Bioinformatics Advance Access originally published online on October 10, 2008
Bioinformatics 2008 24(23):2760-2766; doi:10.1093/bioinformatics/btn502
| ||||||||||||||||||||||||||||||||||||||||||||||||||||||||||||||||||||||||
A bioinformatics analysis of the cell line nomenclature
1National Center for Integrative Biomedical Informatics and the Center for Computational Medicine and Biology, 2Department of Psychiatry and 3Department of Human Genetics, University of Michigan, Ann Arbor, MI 48109, USA
*To whom correspondence should be addressed.
| Abstract |
|---|
Motivation: Cell lines are used extensively in biomedical research, but the nomenclature describing cell lines has not been standardized.

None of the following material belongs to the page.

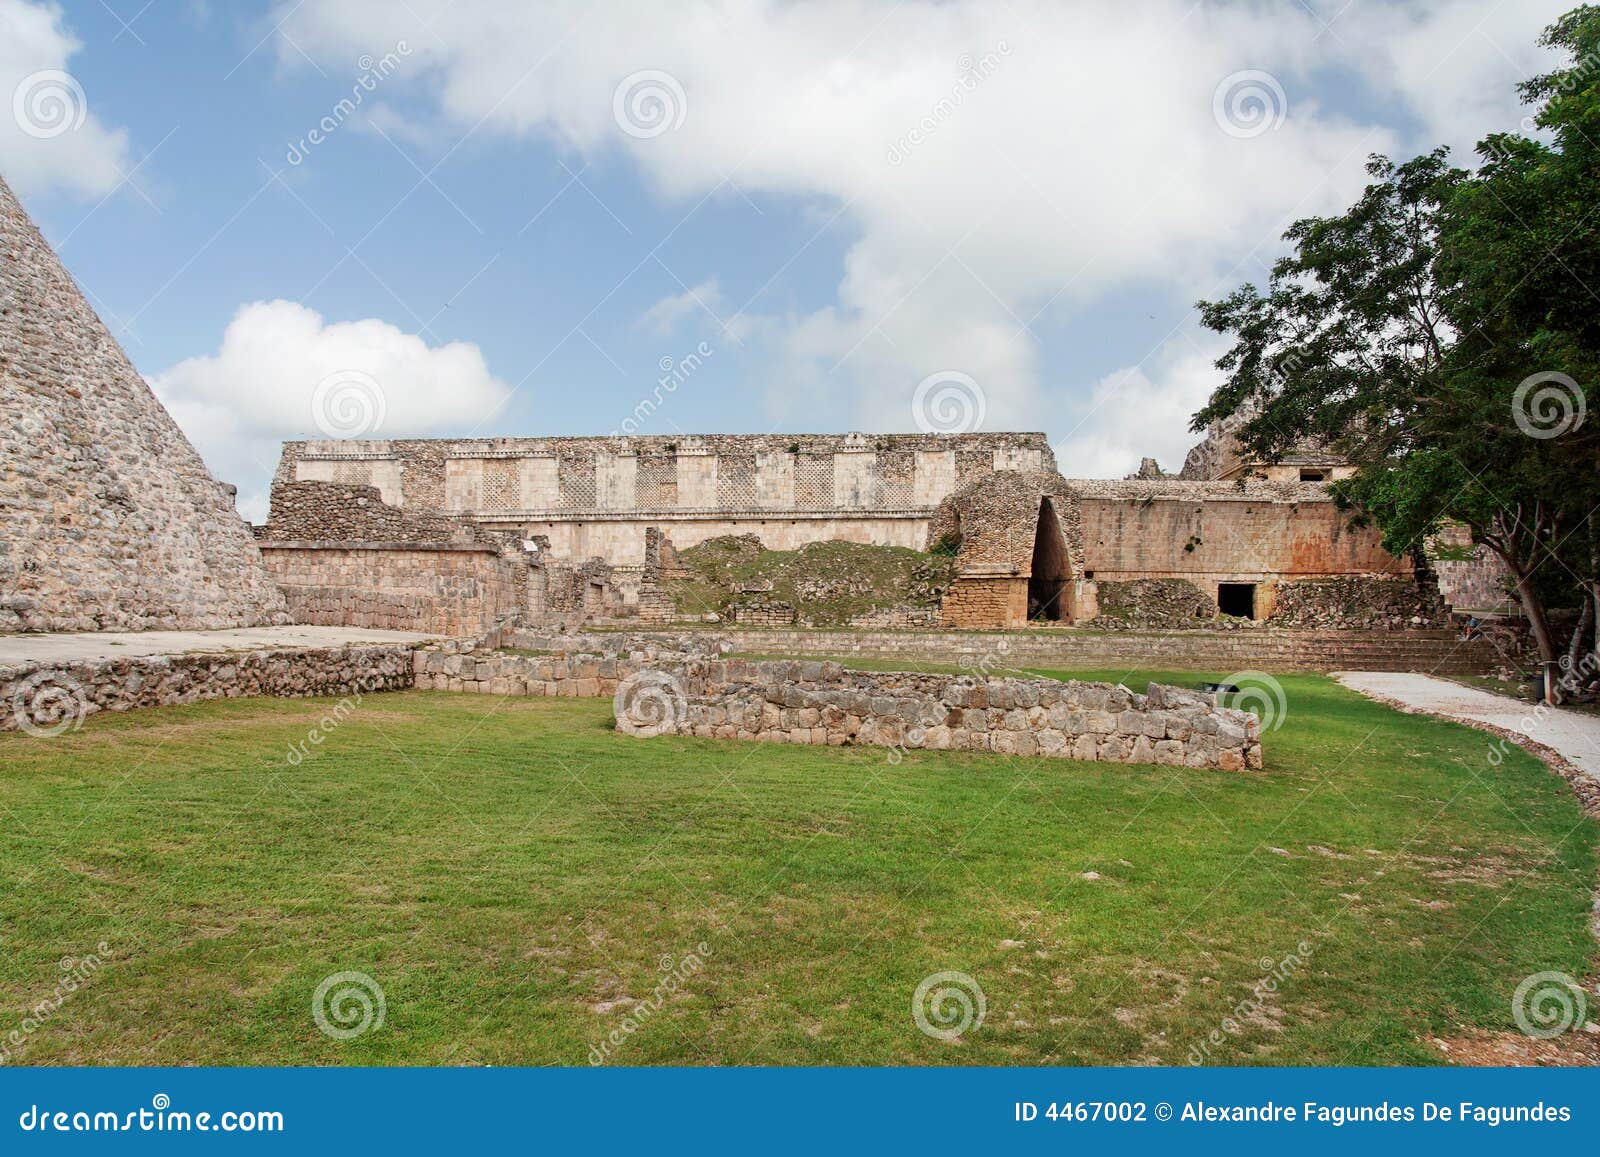 uxmal archaeological site yucatan mexico

The problems are both linguistic and experimental. Many ambiguous cell line names appear in the published literature. Users of the same cell line may refer to it in different ways, and cell lines may mutate or become contaminated without the knowledge of the user. As a first step towards rationalizing this nomenclature, we created a cell line knowledgebase (CLKB) with a well-structured collection of names and descriptive data for cell lines cultured in vitro. The objectives of this work are: (i) to assist users in extracting useful information from biomedical text and (ii) to highlight the importance of standardizing cell line names in biomedical research. This CLKB contains a broad collection of cell line names compiled from ATCC, Hyper CLDB and MeSH. In addition to names, the knowledgebase specifies relationships between cell lines. We analyze the use of cell line names in biomedical text. Issues include ambiguous names, polymorphisms in the use of names and the fact that some cell line names are also common English words. Linguistic patterns associated with the occurrence of cell line names are analyzed. Applying these patterns to find additional cell line names in the literature identifies only a small number of additional names. Annotation of microarray gene expression studies is used as a test case. The CLKB facilitates data exploration and comparison of different cell lines in support of clinical and experimental research.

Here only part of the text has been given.